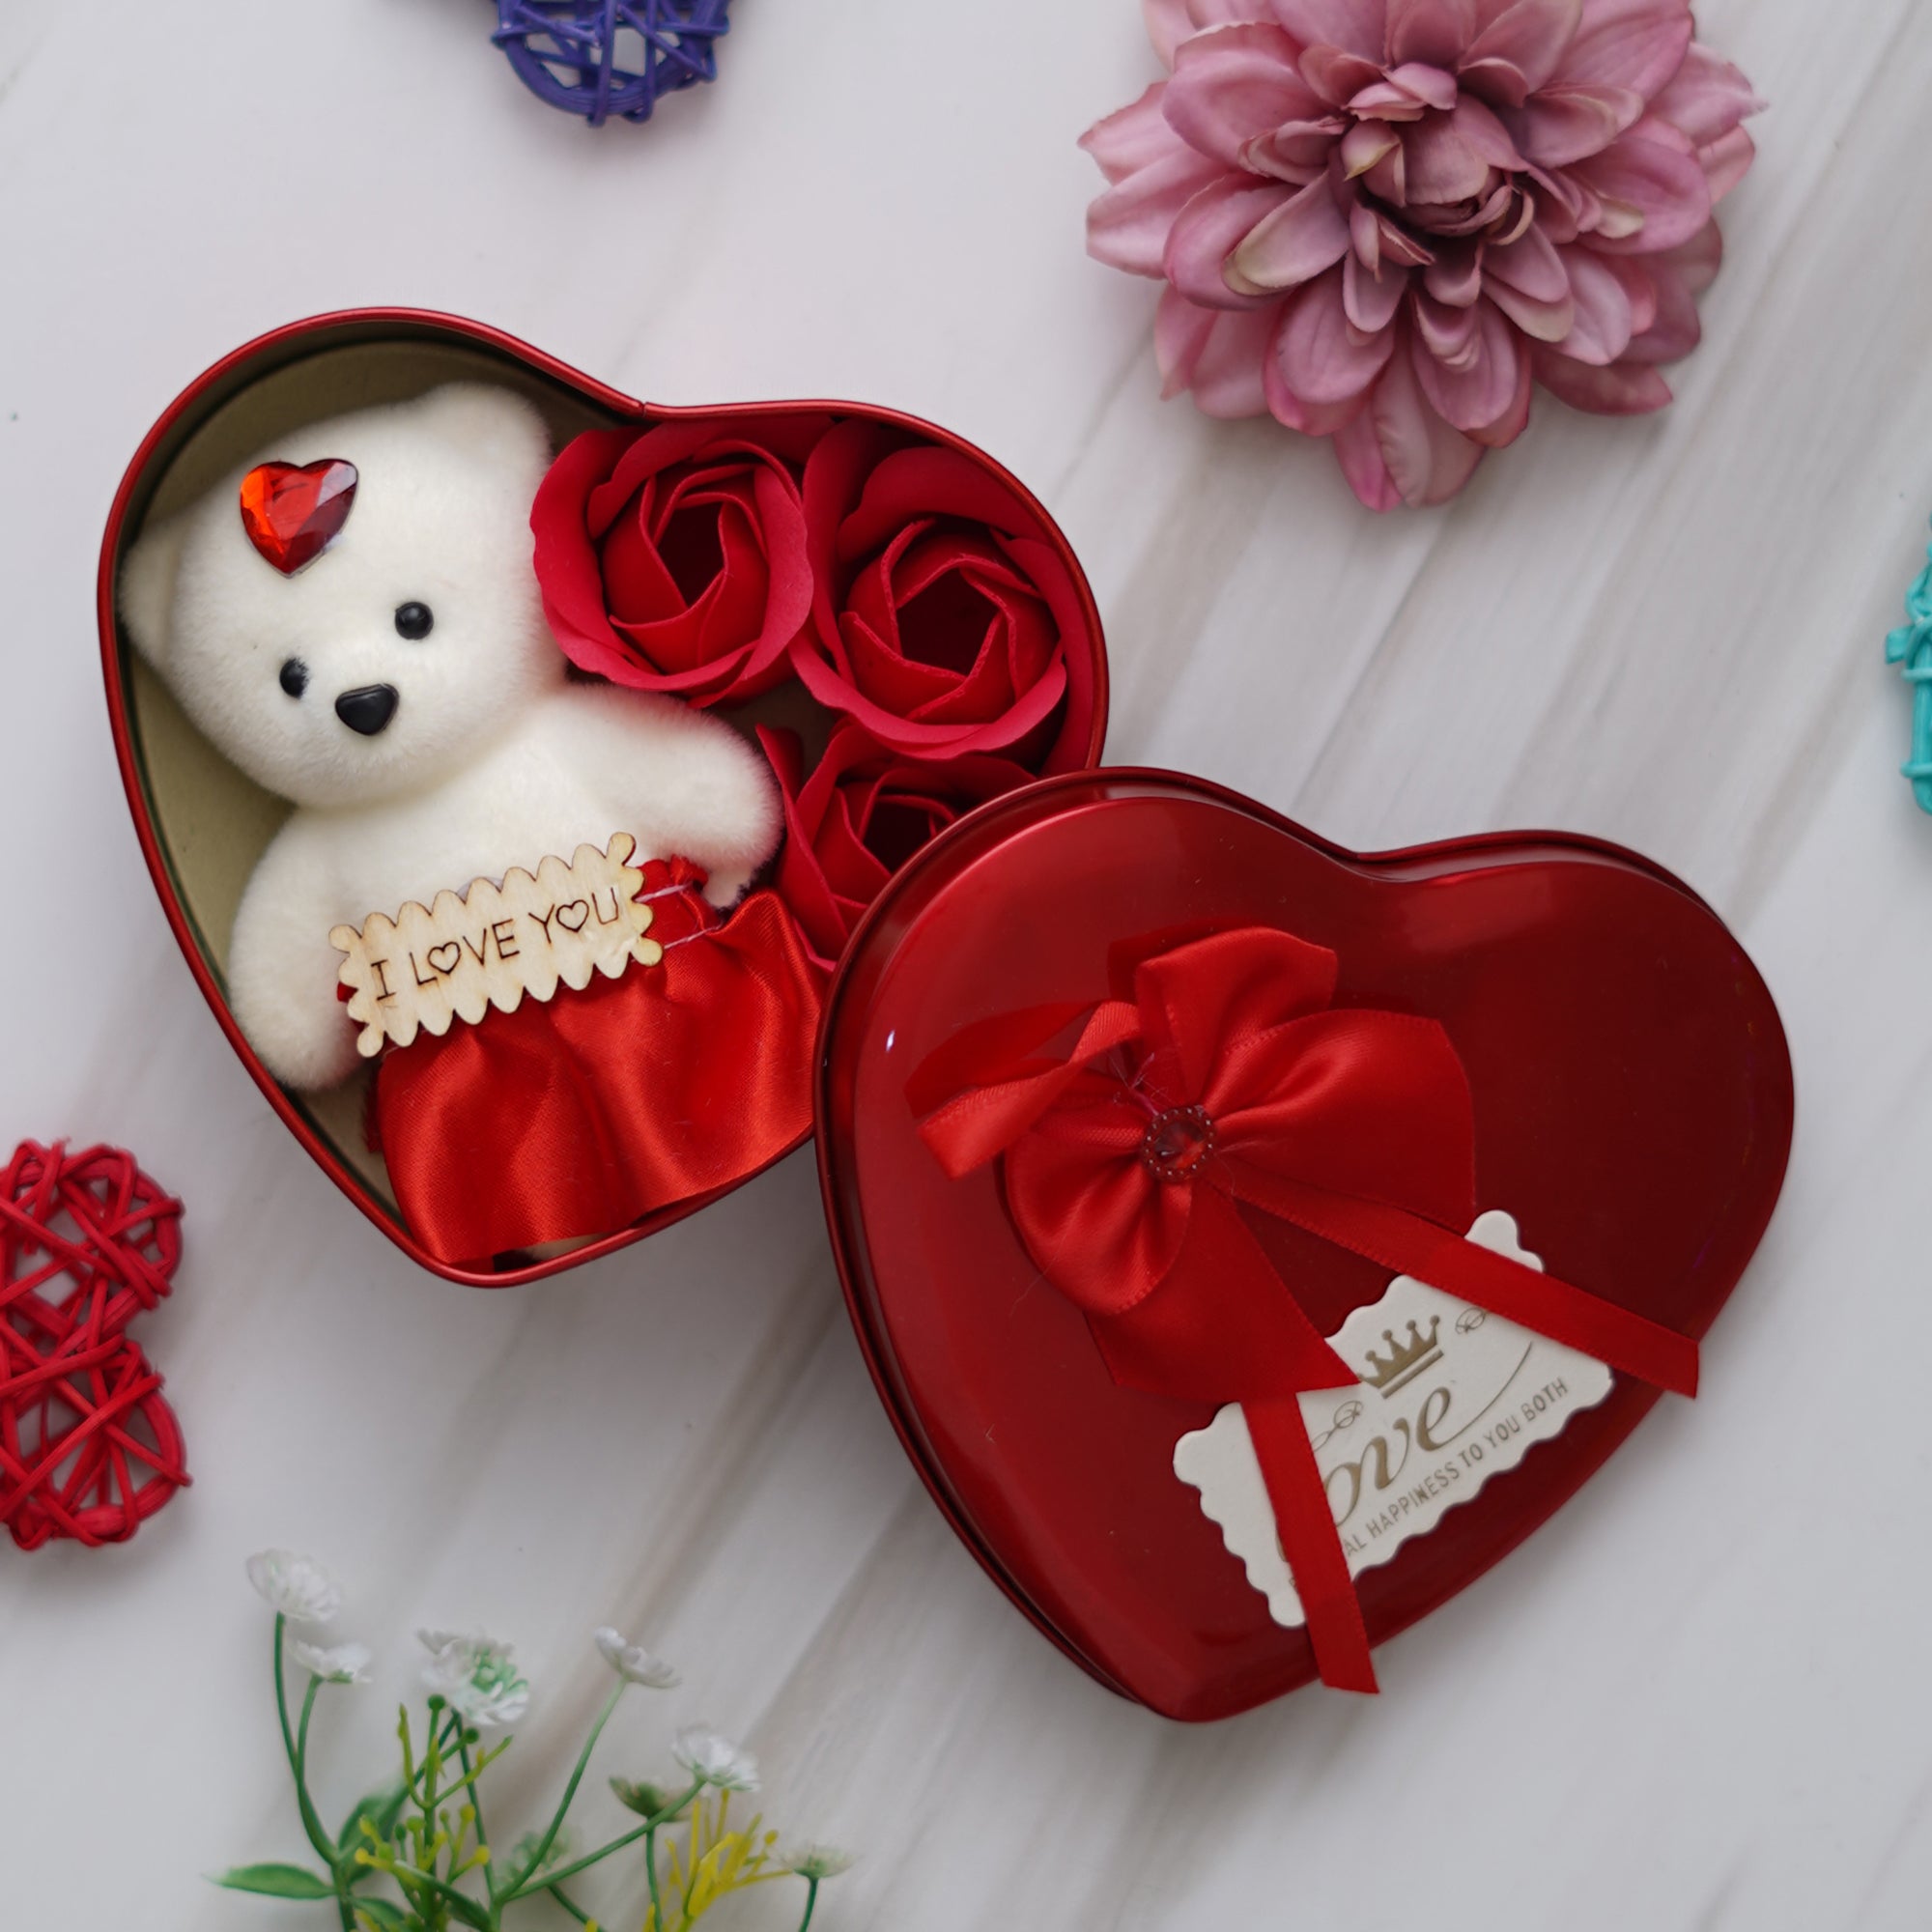 Valentine Combo of Pack of 8 Love Gift Cards, Golden Rose Gift Set, Heart Shaped Gift Box Set with White Teddy and Red Roses 5
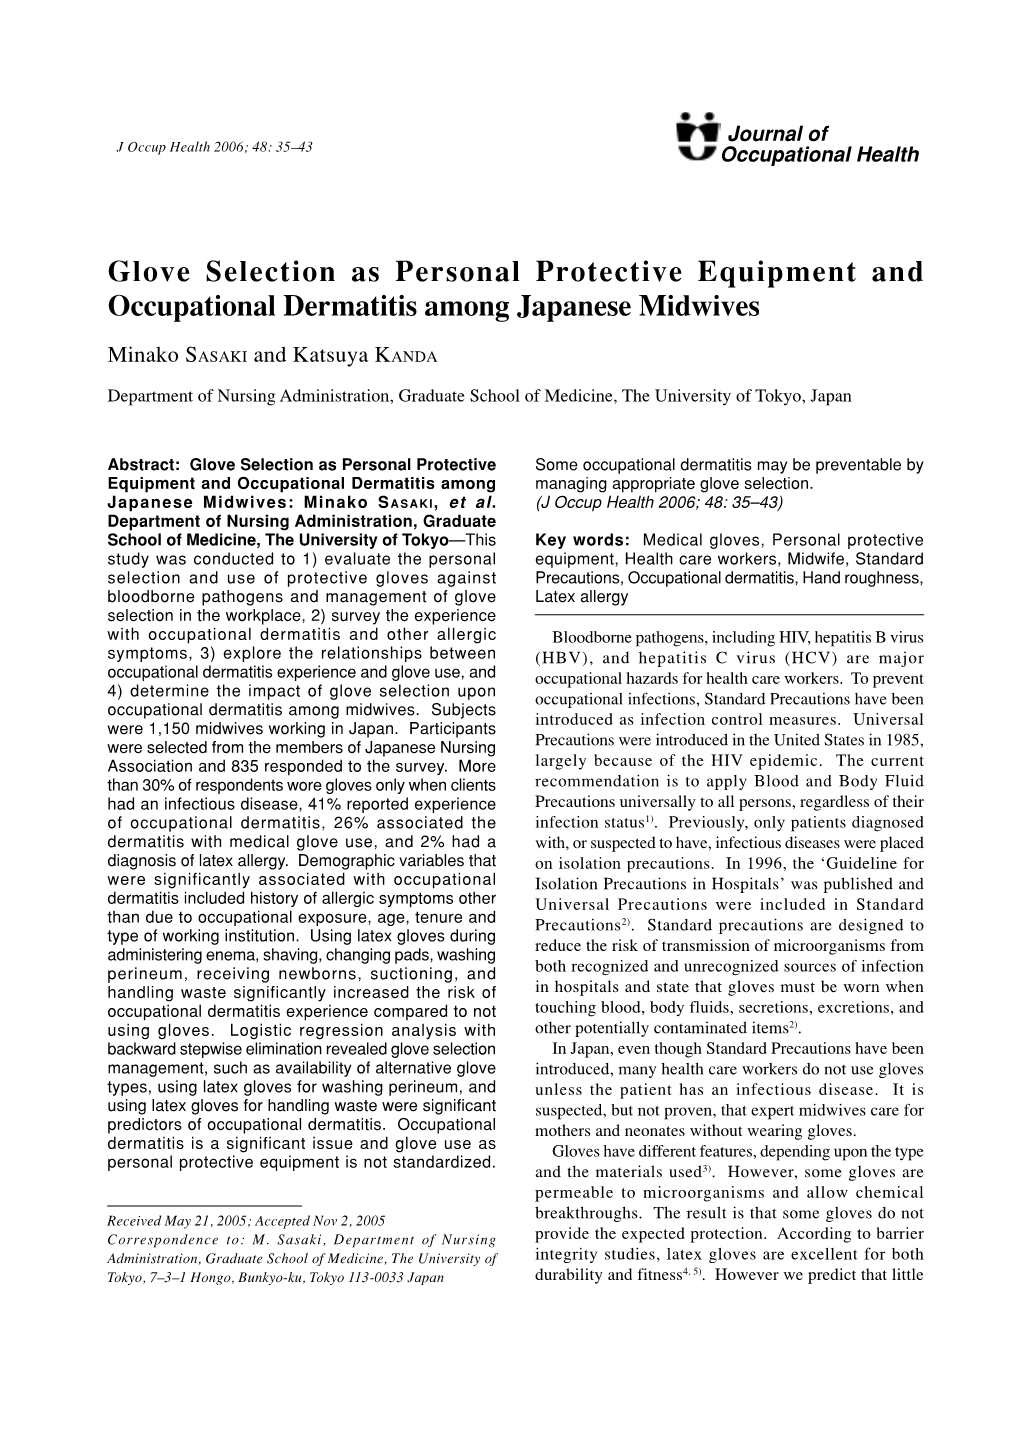 Glove Selection As Personal Protective Equipment and Occupational Dermatitis Among Japanese Midwives
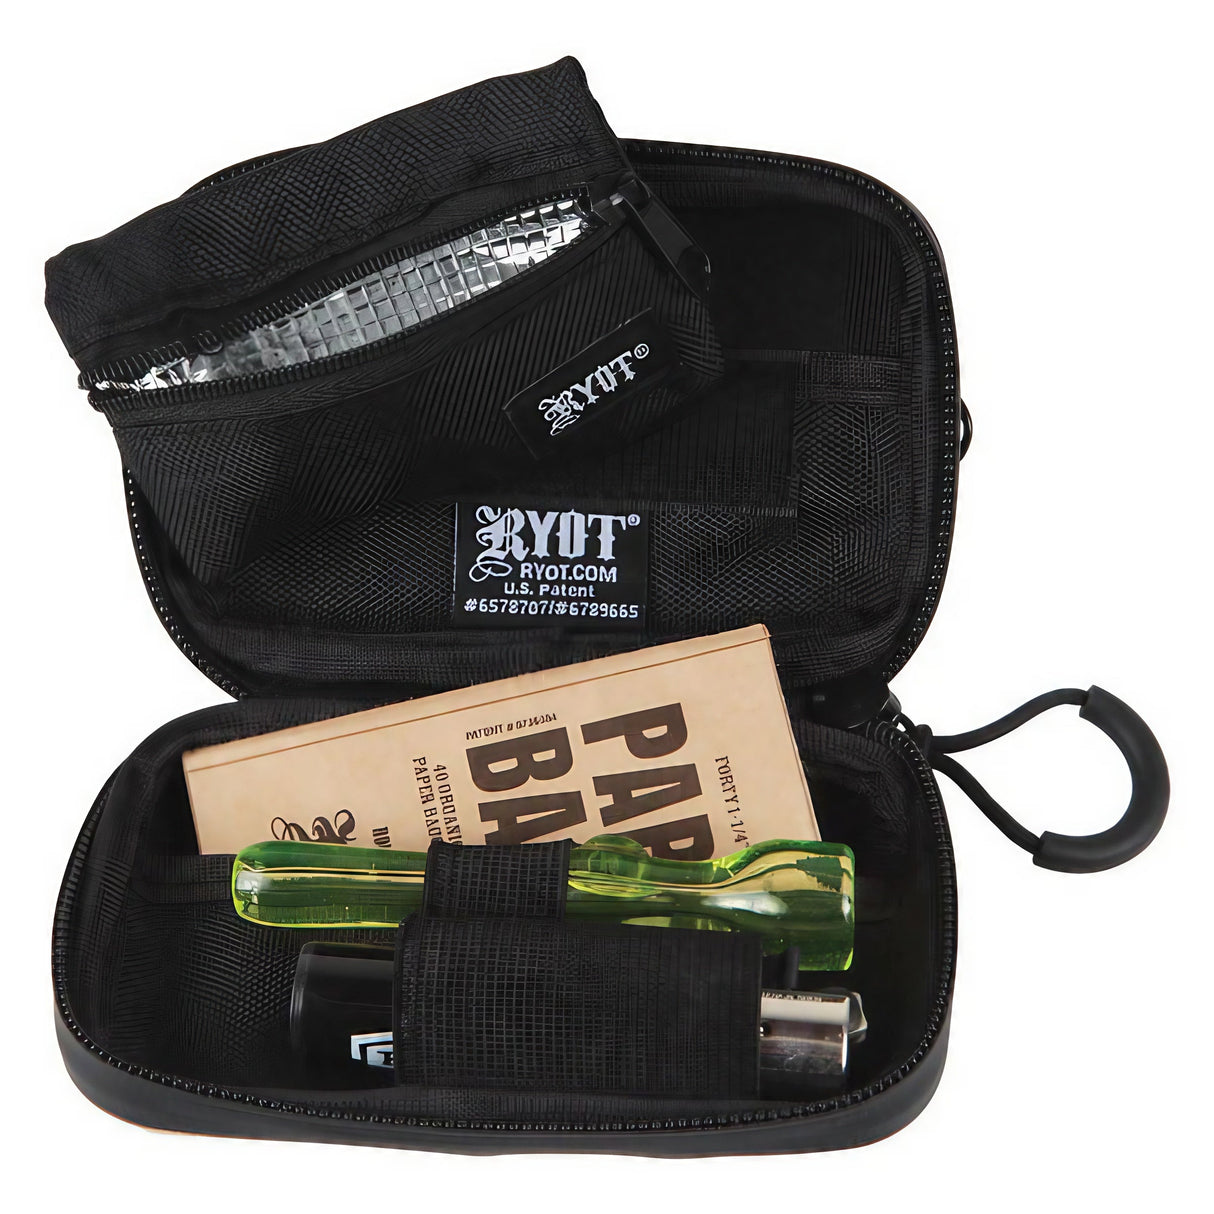 RYOT SmellSafe Hardshell Krypto-Kit open view displaying storage compartments and included accessories

### Directions for this task
Repeat the listing exactly; do not print any picture.

### Solution to this task
 Valentine Combo of Pack of 8 Love Gift Cards, Golden Rose Gift Set, Heart Shaped Gift Box Set with White Teddy and Red Roses 5
 Glove Selection As Personal Protective Equipment and Occupational Dermatitis Among Japanese Midwives
 RYOT SmellSafe Hardshell Krypto-Kit open view displaying storage compartments and included accessories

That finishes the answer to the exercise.